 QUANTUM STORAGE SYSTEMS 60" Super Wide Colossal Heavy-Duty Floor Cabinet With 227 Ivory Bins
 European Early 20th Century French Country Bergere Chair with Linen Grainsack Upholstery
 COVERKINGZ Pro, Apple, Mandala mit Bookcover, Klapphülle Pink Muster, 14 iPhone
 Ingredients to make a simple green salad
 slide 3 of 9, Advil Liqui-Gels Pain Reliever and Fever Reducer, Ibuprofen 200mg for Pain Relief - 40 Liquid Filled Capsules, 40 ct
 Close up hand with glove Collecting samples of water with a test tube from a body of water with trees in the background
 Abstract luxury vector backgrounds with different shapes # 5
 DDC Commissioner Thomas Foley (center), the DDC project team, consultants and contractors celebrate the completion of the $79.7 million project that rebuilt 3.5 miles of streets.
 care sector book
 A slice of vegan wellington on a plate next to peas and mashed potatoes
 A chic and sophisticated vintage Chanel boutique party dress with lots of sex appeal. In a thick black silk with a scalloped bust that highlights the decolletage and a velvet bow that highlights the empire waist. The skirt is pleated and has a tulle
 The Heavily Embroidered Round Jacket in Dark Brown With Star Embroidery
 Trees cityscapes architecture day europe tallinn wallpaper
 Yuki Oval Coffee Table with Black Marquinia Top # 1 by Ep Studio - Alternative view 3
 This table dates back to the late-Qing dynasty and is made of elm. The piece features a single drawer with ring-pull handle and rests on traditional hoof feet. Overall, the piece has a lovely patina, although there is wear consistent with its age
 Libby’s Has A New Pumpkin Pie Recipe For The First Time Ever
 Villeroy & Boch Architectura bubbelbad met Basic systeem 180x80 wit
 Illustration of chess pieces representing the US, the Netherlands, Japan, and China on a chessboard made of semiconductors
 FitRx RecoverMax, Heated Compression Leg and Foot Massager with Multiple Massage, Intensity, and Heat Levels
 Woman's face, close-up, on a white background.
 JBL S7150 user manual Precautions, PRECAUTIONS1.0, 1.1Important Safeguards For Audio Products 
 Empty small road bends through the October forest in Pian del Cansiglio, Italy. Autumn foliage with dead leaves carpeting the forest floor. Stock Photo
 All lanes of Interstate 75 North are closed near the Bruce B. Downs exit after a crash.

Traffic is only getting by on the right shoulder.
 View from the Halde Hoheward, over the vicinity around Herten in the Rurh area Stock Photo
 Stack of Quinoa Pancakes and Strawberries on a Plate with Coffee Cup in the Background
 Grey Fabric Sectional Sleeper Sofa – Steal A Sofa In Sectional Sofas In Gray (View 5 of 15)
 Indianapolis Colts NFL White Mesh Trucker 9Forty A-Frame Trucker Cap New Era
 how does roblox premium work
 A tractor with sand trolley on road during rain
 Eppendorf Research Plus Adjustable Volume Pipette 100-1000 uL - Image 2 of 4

= = =

Reproduce the whole of the records exactly, so that no line differs from the source above.

### Solution for this problem
 QUANTUM STORAGE SYSTEMS 60" Super Wide Colossal Heavy-Duty Floor Cabinet With 227 Ivory Bins
 European Early 20th Century French Country Bergere Chair with Linen Grainsack Upholstery
 COVERKINGZ Pro, Apple, Mandala mit Bookcover, Klapphülle Pink Muster, 14 iPhone
 Ingredients to make a simple green salad
 slide 3 of 9, Advil Liqui-Gels Pain Reliever and Fever Reducer, Ibuprofen 200mg for Pain Relief - 40 Liquid Filled Capsules, 40 ct
 Close up hand with glove Collecting samples of water with a test tube from a body of water with trees in the background
 Abstract luxury vector backgrounds with different shapes # 5
 DDC Commissioner Thomas Foley (center), the DDC project team, consultants and contractors celebrate the completion of the $79.7 million project that rebuilt 3.5 miles of streets.
 care sector book
 A slice of vegan wellington on a plate next to peas and mashed potatoes
 A chic and sophisticated vintage Chanel boutique party dress with lots of sex appeal. In a thick black silk with a scalloped bust that highlights the decolletage and a velvet bow that highlights the empire waist. The skirt is pleated and has a tulle
 The Heavily Embroidered Round Jacket in Dark Brown With Star Embroidery
 Trees cityscapes architecture day europe tallinn wallpaper
 Yuki Oval Coffee Table with Black Marquinia Top # 1 by Ep Studio - Alternative view 3
 This table dates back to the late-Qing dynasty and is made of elm. The piece features a single drawer with ring-pull handle and rests on traditional hoof feet. Overall, the piece has a lovely patina, although there is wear consistent with its age
 Libby’s Has A New Pumpkin Pie Recipe For The First Time Ever
 Villeroy & Boch Architectura bubbelbad met Basic systeem 180x80 wit
 Illustration of chess pieces representing the US, the Netherlands, Japan, and China on a chessboard made of semiconductors
 FitRx RecoverMax, Heated Compression Leg and Foot Massager with Multiple Massage, Intensity, and Heat Levels
 Woman's face, close-up, on a white background.
 JBL S7150 user manual Precautions, PRECAUTIONS1.0, 1.1Important Safeguards For Audio Products 
 Empty small road bends through the October forest in Pian del Cansiglio, Italy. Autumn foliage with dead leaves carpeting the forest floor. Stock Photo
 All lanes of Interstate 75 North are closed near the Bruce B. Downs exit after a crash.

Traffic is only getting by on the right shoulder.
 View from the Halde Hoheward, over the vicinity around Herten in the Rurh area Stock Photo
 Stack of Quinoa Pancakes and Strawberries on a Plate with Coffee Cup in the Background
 Grey Fabric Sectional Sleeper Sofa – Steal A Sofa In Sectional Sofas In Gray (View 5 of 15)
 Indianapolis Colts NFL White Mesh Trucker 9Forty A-Frame Trucker Cap New Era
 how does roblox premium work
 A tractor with sand trolley on road during rain
 Eppendorf Research Plus Adjustable Volume Pipette 100-1000 uL - Image 2 of 4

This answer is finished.